What they accomplished, though, was to show there is a balance in the natural order of things. There is good and bad and without a knowledge of the less-than-desirable, it’s hard to fully grasp the positive.

Yet society continues to embrace ludicrous attempts to create a politically-correct Utopia — and in the process sets up a generation ill-equipped to face the sometimes-harsh realities of life.

The latest of these is starting to make its way through school playgrounds, boosted by individuals and companies that are billed as “recess consultants.”

These consultants — also known as “playground consultants” — are the same ones who devised the trend of scoreless sports games, so as not to single-out children as winners or losers, and have essentially wiped the game of tag off the schedule to avoid hurting the feelings of someone being labeled “it.” Football is forbidden from many recess activities because it is considered too dangerous.

Now, the apparent target is the phrase “you’re out.”

A staple of baseball games since the first pitch was thrown in the mid-19th century, school leaders are being cautioned that the word can create negative connotations for children and damage their young psyches for years to come.

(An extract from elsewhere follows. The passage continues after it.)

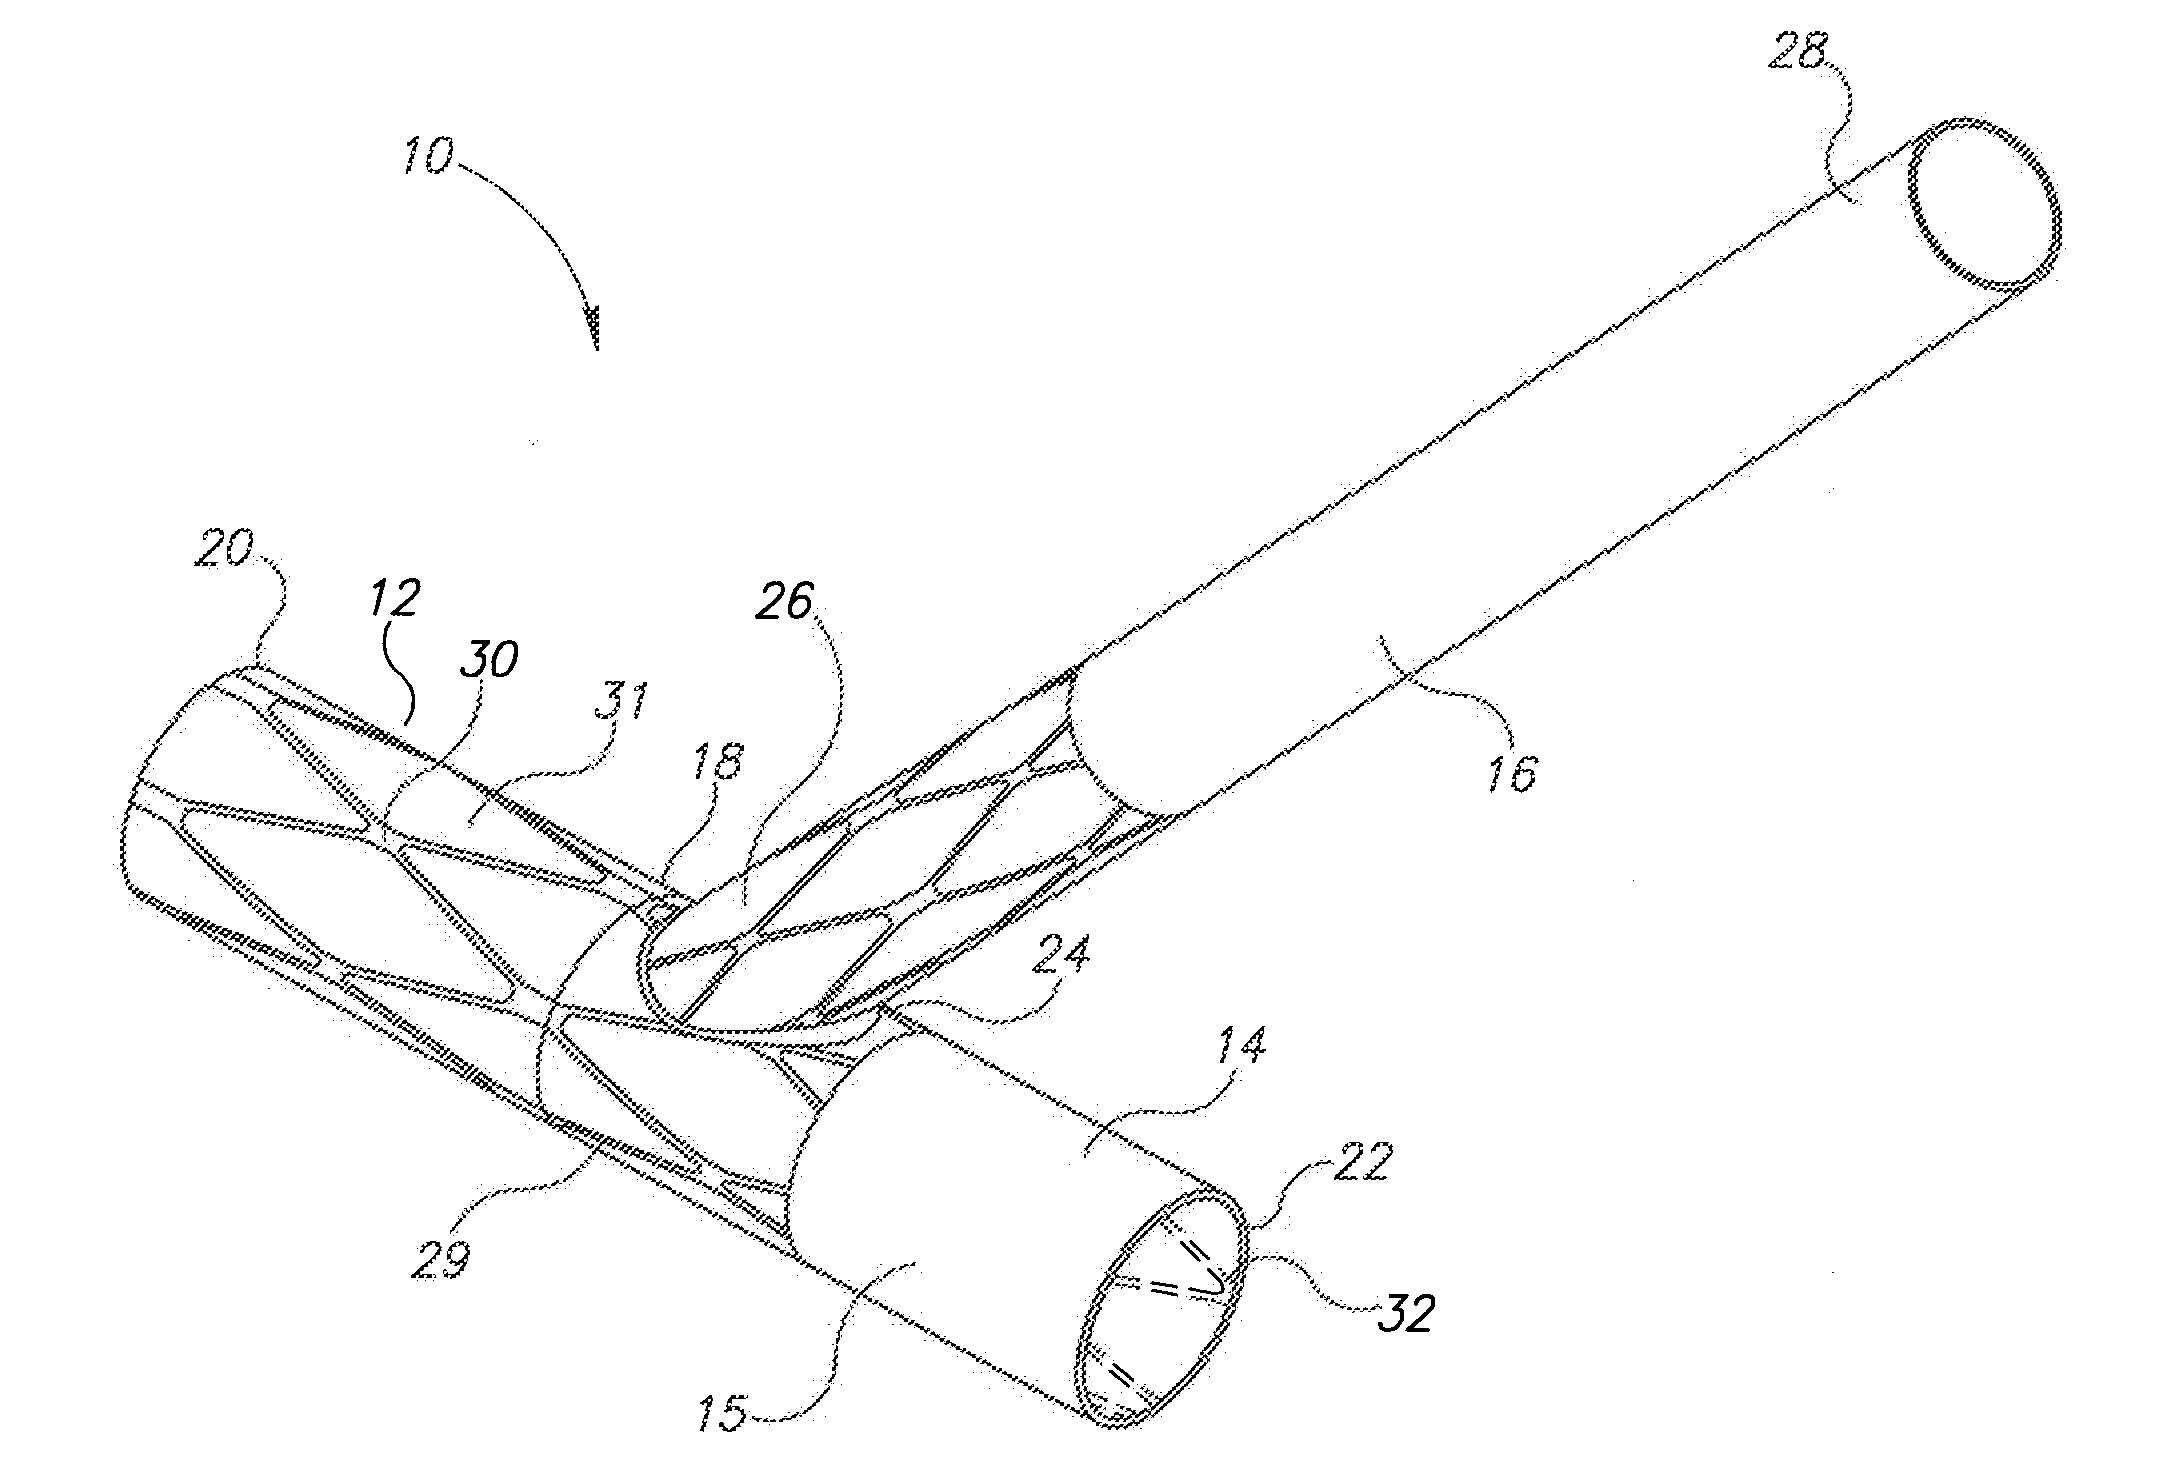 Bypass graft device and delivery system and method

Instead, these well-paid consultants are recommending using phrases such as “good job” or “nice try.”

That way, no one has their feelings hurt. Until the pacifier of political correctness is gone and the precious little snowflake runs into the buzz saw of reality.

With apologies to Ernest Thayer, can you imagine the ruckus a poem like “Casey at the Bat” would cause without some adaptation? “Oh, somewhere in this favored land the sun is shining bright; the band is playing somewhere, and somewhere hearts are light; and somewhere men are laughing, and somewhere children shout; and that includes the land of Mudville — because mighty Casey gave his all and certainly deserves recognition for that.”

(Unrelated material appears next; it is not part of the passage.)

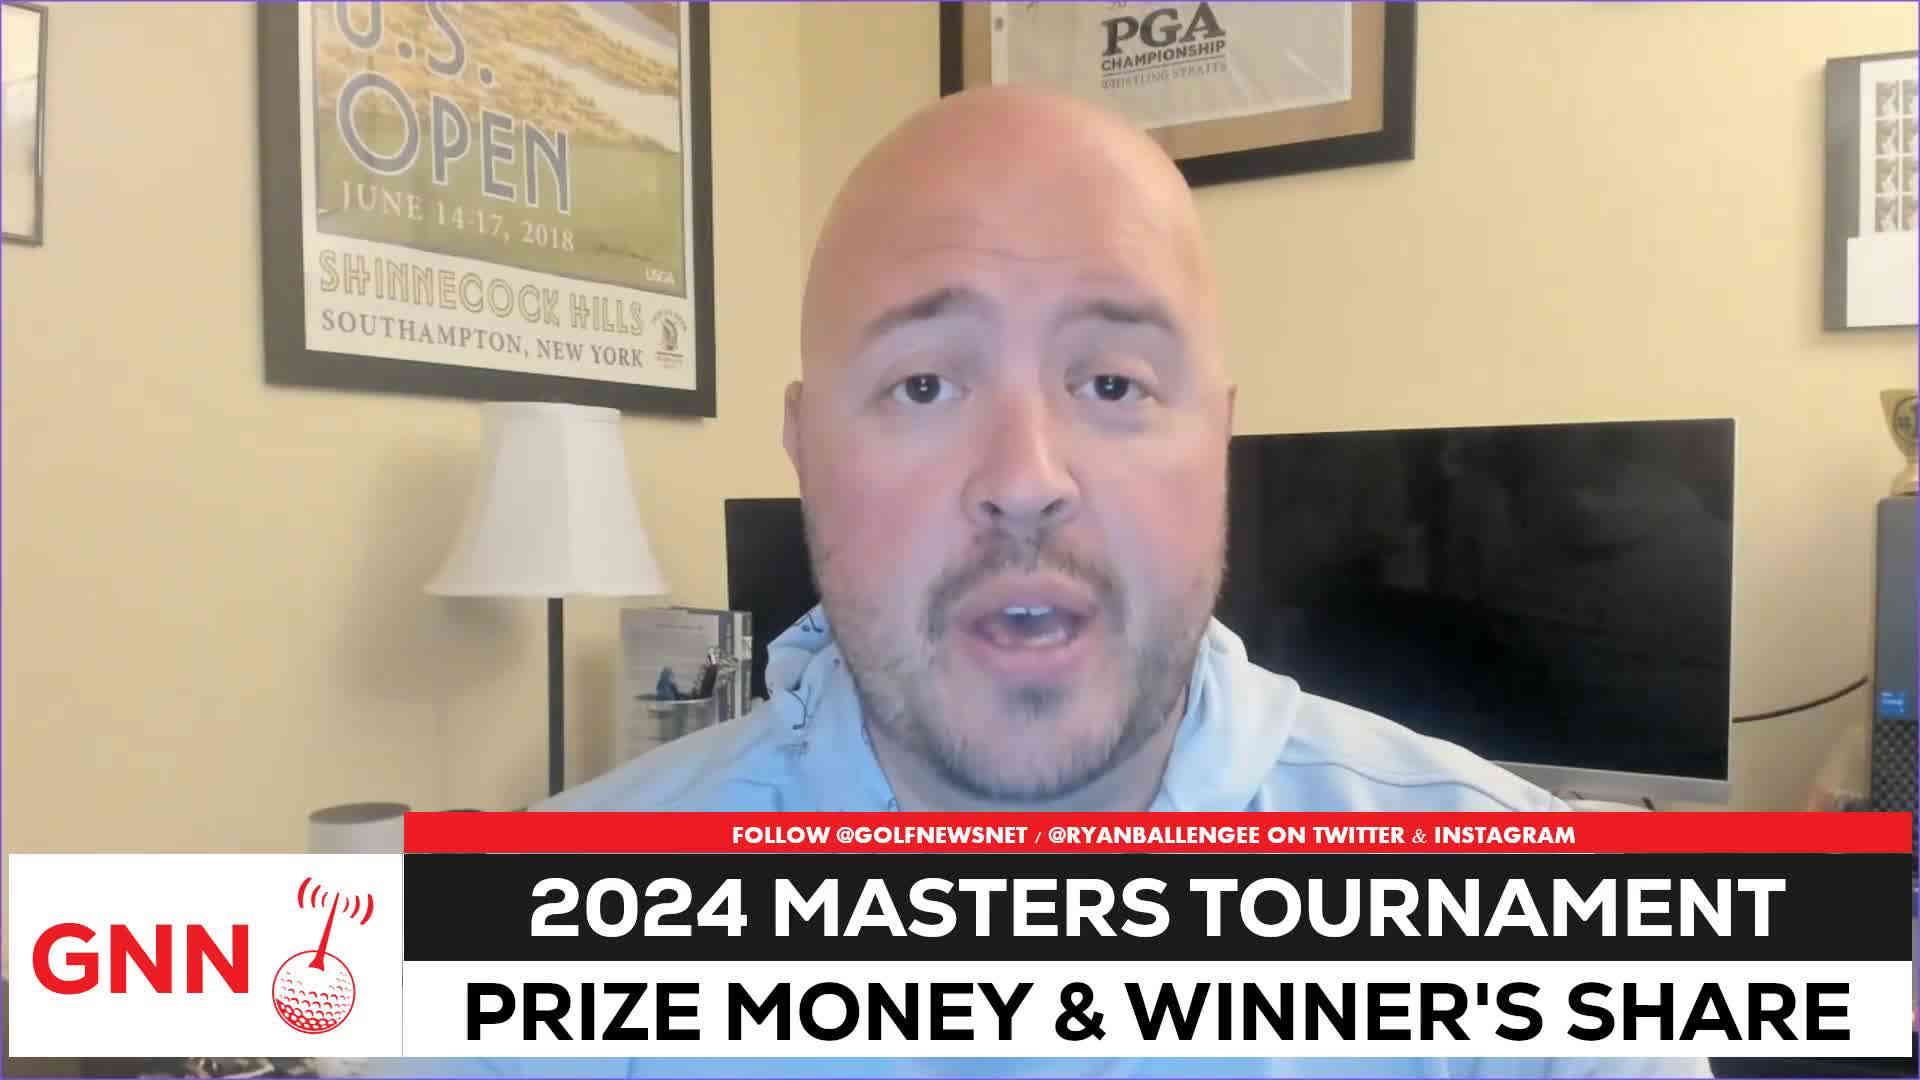 The Masters 2024 purse and winner's share are huge

Movements like this are going to have one of two extreme results, neither of which is good: Either children will grow up to be unable to deal with life once they are freed from the prison of pre-determined thinking or society itself will evolve into a land of sugar-coated pleasantries in which we must constantly be on alert to shield ourselves from the fact that sometimes people are unpleasant, that sometimes difficult situations arise, that some bosses yell …

And that sometimes, frankly, you strike out.